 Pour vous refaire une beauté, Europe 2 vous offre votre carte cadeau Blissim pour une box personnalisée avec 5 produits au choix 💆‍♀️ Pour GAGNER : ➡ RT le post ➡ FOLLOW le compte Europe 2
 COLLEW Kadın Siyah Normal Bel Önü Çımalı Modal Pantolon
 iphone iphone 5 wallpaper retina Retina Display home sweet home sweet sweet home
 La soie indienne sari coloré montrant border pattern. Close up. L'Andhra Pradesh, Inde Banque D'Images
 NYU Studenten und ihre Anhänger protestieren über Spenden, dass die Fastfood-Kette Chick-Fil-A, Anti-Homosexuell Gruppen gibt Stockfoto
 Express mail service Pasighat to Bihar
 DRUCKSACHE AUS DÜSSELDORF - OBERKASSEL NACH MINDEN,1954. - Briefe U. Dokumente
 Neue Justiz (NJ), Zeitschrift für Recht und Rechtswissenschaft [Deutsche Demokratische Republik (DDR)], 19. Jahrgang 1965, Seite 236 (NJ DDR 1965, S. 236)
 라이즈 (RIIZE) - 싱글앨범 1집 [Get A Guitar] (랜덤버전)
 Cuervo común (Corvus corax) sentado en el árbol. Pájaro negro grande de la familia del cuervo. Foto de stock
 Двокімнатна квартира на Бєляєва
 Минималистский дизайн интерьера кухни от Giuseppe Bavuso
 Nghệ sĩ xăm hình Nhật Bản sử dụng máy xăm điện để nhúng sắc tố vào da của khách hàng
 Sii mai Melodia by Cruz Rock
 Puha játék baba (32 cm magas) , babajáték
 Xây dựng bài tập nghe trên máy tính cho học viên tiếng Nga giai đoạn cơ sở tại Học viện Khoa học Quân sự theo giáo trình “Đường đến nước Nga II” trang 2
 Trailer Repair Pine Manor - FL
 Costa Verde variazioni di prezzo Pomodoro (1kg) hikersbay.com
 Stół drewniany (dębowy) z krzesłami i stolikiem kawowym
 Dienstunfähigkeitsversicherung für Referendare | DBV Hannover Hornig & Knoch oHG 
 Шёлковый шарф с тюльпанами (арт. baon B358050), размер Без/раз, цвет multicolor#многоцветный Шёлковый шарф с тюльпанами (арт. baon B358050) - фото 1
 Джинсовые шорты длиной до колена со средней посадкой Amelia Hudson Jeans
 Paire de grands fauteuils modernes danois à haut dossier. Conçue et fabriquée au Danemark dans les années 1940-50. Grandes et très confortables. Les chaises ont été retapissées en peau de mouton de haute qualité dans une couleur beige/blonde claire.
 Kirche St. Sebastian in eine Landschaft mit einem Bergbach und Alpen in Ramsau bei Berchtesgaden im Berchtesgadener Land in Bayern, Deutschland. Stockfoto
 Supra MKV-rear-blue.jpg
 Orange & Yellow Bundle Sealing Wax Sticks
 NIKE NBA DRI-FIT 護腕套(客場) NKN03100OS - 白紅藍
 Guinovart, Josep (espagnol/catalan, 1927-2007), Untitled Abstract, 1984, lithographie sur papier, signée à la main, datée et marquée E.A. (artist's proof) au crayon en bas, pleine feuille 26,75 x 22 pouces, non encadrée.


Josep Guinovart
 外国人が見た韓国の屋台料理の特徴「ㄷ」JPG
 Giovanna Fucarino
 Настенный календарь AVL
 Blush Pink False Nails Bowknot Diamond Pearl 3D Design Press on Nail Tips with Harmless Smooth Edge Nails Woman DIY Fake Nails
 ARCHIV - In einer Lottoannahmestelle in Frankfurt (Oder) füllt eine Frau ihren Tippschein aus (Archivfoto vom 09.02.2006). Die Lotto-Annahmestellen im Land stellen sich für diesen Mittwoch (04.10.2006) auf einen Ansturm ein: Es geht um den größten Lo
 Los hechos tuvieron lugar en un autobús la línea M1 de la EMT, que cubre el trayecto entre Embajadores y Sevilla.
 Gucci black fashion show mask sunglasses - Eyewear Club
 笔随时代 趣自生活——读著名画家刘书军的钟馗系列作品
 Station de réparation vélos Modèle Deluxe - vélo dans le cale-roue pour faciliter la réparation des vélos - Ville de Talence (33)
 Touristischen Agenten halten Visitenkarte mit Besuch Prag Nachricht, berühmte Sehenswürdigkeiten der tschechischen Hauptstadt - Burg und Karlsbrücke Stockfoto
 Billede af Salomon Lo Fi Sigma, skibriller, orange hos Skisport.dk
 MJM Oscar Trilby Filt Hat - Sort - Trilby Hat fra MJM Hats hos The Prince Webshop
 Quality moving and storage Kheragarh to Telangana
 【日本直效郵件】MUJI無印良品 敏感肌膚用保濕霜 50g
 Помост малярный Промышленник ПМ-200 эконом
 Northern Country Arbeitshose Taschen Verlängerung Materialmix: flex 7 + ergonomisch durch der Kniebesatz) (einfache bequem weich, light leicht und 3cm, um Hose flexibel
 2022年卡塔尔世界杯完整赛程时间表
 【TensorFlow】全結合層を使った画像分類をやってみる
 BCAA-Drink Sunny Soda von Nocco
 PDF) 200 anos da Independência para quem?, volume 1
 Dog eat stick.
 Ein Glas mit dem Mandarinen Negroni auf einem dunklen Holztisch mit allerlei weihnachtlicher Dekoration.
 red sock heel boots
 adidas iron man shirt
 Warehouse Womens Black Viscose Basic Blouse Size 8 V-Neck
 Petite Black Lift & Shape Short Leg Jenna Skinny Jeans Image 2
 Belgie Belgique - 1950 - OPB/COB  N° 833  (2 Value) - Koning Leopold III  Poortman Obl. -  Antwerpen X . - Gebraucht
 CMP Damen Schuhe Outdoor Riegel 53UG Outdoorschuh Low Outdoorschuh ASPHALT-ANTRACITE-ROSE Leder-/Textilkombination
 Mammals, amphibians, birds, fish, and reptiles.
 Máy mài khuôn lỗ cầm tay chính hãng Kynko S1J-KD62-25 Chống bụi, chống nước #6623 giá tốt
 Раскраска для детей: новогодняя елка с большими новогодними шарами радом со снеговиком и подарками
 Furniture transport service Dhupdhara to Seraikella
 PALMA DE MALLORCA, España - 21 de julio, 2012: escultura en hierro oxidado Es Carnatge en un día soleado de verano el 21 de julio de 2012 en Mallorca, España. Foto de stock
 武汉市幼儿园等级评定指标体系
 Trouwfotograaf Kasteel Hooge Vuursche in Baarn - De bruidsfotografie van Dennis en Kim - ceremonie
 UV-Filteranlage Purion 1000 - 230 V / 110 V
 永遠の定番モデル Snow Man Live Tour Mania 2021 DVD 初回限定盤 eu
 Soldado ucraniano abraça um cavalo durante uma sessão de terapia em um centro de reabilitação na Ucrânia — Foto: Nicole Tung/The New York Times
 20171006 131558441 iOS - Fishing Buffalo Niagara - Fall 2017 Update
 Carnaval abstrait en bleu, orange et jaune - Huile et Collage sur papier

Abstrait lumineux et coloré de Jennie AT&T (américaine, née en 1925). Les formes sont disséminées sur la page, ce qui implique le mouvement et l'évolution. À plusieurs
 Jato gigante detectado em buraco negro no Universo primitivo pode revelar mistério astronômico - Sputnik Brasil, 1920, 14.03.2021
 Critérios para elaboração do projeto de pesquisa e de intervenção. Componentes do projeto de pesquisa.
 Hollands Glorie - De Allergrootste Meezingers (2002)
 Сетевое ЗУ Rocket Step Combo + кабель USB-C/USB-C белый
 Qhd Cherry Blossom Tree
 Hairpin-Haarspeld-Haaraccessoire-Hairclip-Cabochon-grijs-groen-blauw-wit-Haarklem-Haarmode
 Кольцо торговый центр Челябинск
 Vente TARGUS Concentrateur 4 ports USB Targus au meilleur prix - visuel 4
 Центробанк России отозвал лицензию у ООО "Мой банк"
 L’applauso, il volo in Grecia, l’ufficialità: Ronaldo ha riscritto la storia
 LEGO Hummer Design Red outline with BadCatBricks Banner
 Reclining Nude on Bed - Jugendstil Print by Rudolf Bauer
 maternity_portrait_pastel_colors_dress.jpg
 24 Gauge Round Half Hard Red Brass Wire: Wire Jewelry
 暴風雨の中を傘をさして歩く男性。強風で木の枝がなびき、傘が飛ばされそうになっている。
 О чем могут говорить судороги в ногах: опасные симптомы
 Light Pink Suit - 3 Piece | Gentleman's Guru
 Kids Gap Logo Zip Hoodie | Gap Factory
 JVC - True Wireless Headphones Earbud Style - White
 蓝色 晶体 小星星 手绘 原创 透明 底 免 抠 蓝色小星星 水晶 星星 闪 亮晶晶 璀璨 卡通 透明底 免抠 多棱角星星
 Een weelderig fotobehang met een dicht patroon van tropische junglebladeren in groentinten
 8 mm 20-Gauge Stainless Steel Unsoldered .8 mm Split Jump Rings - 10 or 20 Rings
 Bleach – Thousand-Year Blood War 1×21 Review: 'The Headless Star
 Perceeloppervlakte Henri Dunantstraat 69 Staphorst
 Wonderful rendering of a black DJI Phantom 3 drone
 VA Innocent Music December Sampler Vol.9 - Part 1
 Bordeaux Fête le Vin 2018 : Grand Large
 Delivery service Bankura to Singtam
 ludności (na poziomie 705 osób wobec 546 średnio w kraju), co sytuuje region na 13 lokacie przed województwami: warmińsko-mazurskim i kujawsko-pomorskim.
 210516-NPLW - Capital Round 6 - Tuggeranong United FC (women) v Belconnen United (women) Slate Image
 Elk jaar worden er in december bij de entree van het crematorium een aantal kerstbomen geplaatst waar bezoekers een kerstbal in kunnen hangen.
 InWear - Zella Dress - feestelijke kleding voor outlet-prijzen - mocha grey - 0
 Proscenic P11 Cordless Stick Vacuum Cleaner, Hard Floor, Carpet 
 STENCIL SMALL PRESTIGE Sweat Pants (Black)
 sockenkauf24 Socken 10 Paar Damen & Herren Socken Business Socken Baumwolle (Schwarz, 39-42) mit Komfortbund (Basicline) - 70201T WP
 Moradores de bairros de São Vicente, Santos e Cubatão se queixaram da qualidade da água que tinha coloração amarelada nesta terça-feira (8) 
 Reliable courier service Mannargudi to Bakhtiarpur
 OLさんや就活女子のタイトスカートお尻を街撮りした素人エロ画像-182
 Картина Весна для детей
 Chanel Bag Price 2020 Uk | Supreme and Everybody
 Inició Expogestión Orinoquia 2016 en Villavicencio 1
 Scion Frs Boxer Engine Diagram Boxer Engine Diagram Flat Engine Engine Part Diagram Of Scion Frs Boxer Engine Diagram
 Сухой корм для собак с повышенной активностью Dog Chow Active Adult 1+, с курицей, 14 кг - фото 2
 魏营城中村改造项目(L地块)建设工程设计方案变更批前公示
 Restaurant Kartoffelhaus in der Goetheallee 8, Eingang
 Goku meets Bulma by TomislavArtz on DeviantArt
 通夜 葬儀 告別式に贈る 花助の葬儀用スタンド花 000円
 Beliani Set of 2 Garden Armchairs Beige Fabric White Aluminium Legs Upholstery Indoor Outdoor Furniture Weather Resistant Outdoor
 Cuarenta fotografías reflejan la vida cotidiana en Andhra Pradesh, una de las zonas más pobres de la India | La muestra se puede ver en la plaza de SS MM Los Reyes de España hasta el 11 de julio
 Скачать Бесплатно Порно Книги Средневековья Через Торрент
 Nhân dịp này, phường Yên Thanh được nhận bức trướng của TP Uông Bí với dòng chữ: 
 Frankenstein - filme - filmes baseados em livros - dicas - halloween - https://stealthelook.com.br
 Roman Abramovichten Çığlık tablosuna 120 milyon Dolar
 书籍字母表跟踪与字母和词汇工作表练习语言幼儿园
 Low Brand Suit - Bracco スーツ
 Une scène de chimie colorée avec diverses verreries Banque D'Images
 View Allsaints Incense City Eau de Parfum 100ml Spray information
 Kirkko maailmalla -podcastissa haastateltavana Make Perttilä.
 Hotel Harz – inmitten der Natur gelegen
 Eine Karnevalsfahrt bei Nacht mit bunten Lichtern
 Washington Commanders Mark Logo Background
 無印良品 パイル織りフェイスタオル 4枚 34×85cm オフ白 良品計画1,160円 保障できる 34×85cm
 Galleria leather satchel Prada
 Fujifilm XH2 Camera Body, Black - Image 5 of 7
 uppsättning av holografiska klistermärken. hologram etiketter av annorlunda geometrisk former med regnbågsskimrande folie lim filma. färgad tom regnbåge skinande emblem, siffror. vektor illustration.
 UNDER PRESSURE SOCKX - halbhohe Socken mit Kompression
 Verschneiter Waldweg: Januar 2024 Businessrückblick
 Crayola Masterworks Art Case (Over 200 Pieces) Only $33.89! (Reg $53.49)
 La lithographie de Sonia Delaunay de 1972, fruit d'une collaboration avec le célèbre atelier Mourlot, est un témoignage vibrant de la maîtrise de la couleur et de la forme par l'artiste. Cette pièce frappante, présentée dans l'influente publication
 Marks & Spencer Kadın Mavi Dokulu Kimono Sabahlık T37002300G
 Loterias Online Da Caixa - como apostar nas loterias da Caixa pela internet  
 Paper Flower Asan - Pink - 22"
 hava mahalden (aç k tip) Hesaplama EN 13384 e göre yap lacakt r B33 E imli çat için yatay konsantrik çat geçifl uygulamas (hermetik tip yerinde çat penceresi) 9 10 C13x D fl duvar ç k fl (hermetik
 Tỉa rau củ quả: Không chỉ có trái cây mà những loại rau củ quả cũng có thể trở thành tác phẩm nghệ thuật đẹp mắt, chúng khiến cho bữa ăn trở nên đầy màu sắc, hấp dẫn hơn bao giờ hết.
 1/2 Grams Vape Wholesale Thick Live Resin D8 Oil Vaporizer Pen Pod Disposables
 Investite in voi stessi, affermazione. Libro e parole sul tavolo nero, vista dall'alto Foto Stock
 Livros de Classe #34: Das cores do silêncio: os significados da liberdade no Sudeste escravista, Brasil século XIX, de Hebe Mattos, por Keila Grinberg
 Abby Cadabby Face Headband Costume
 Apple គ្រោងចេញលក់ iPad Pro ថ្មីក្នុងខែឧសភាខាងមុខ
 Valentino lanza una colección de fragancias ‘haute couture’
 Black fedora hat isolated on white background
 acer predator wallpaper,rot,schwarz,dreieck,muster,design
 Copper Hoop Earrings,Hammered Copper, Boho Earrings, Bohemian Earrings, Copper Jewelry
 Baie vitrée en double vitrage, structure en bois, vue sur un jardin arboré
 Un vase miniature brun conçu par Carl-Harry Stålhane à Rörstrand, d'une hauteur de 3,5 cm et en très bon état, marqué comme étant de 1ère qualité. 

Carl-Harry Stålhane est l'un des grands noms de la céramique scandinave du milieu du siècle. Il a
========
Each line with the word "Brasil" in the records above belongs in the result; copy all of them.

 Jato gigante detectado em buraco negro no Universo primitivo pode revelar mistério astronômico - Sputnik Brasil, 1920, 14.03.2021
 Livros de Classe #34: Das cores do silêncio: os significados da liberdade no Sudeste escravista, Brasil século XIX, de Hebe Mattos, por Keila Grinberg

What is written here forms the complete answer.